EXERCISE PROMPT. Begin at the line containing "Comment faire pour" in the data below and go on through the line containing "Математика. 2 класс: В", repeating each line exactly; include both ends and no other line.

DATA SHOWN.
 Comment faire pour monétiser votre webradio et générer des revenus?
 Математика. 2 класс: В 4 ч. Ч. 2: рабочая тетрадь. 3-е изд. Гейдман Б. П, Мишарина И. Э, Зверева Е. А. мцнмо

...

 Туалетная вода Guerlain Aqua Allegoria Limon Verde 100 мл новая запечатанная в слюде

...

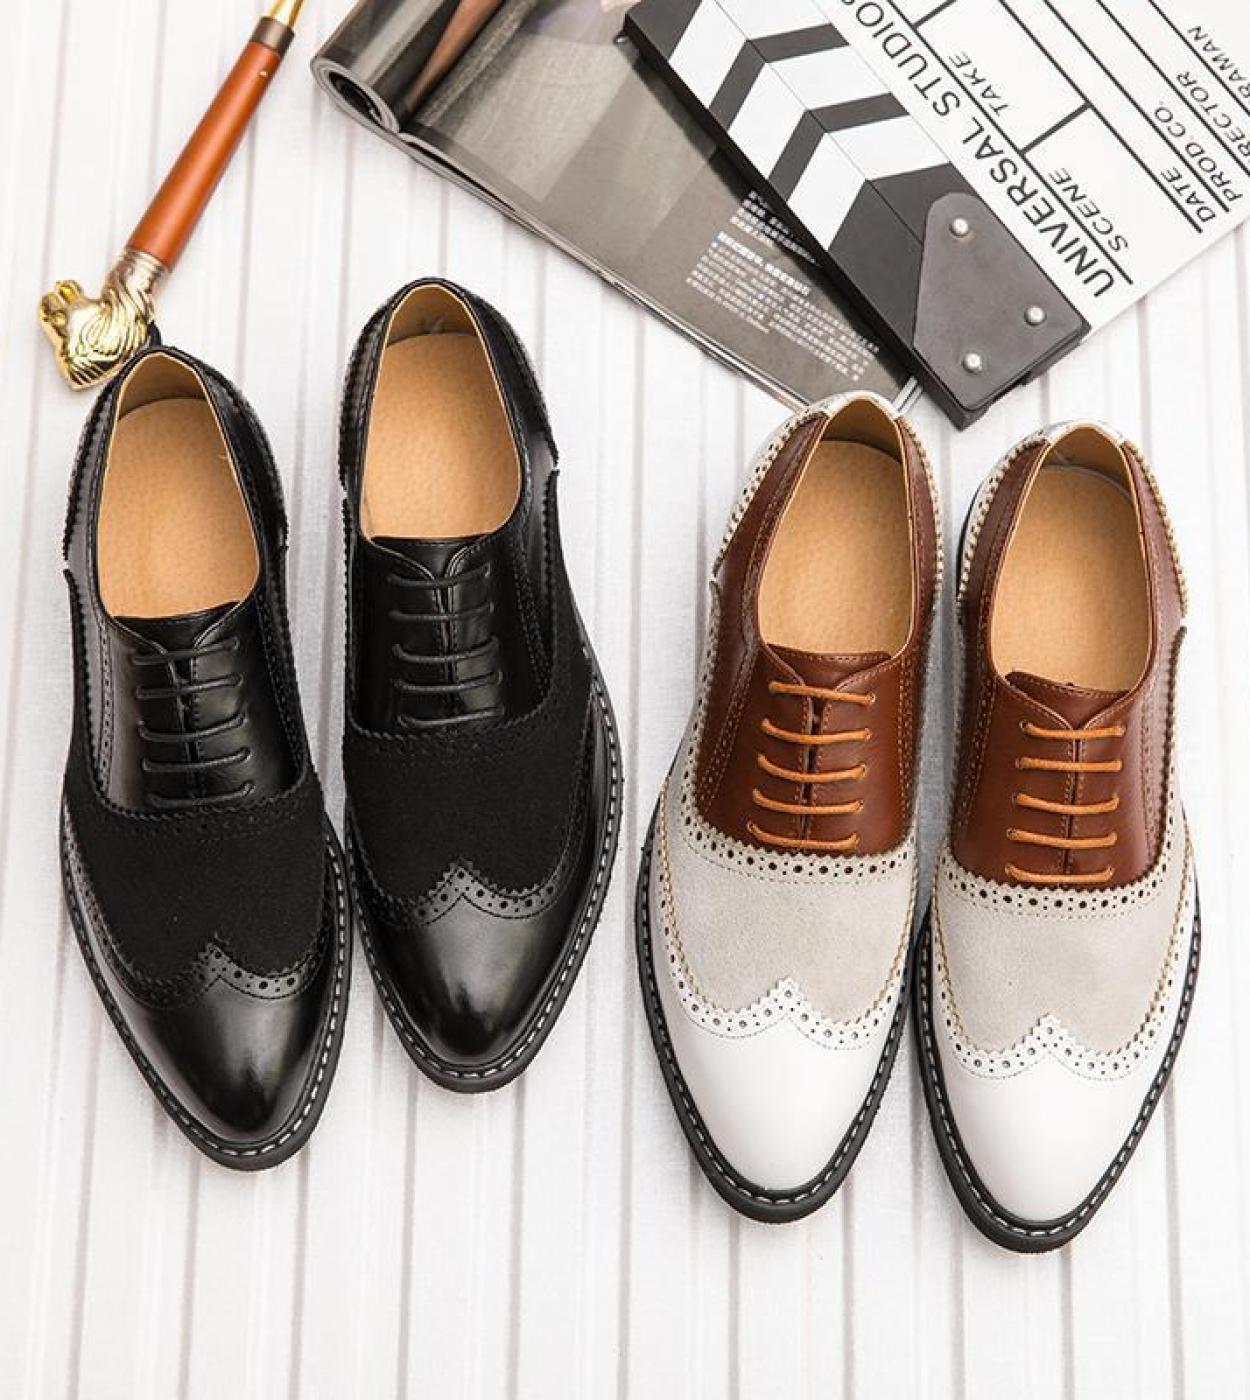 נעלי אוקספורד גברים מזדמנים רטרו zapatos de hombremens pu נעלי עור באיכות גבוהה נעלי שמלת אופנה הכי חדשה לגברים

ANSWER SPACE.
 Comment faire pour monétiser votre webradio et générer des revenus?
 Математика. 2 класс: В 4 ч. Ч. 2: рабочая тетрадь. 3-е изд. Гейдман Б. П, Мишарина И. Э, Зверева Е. А. мцнмо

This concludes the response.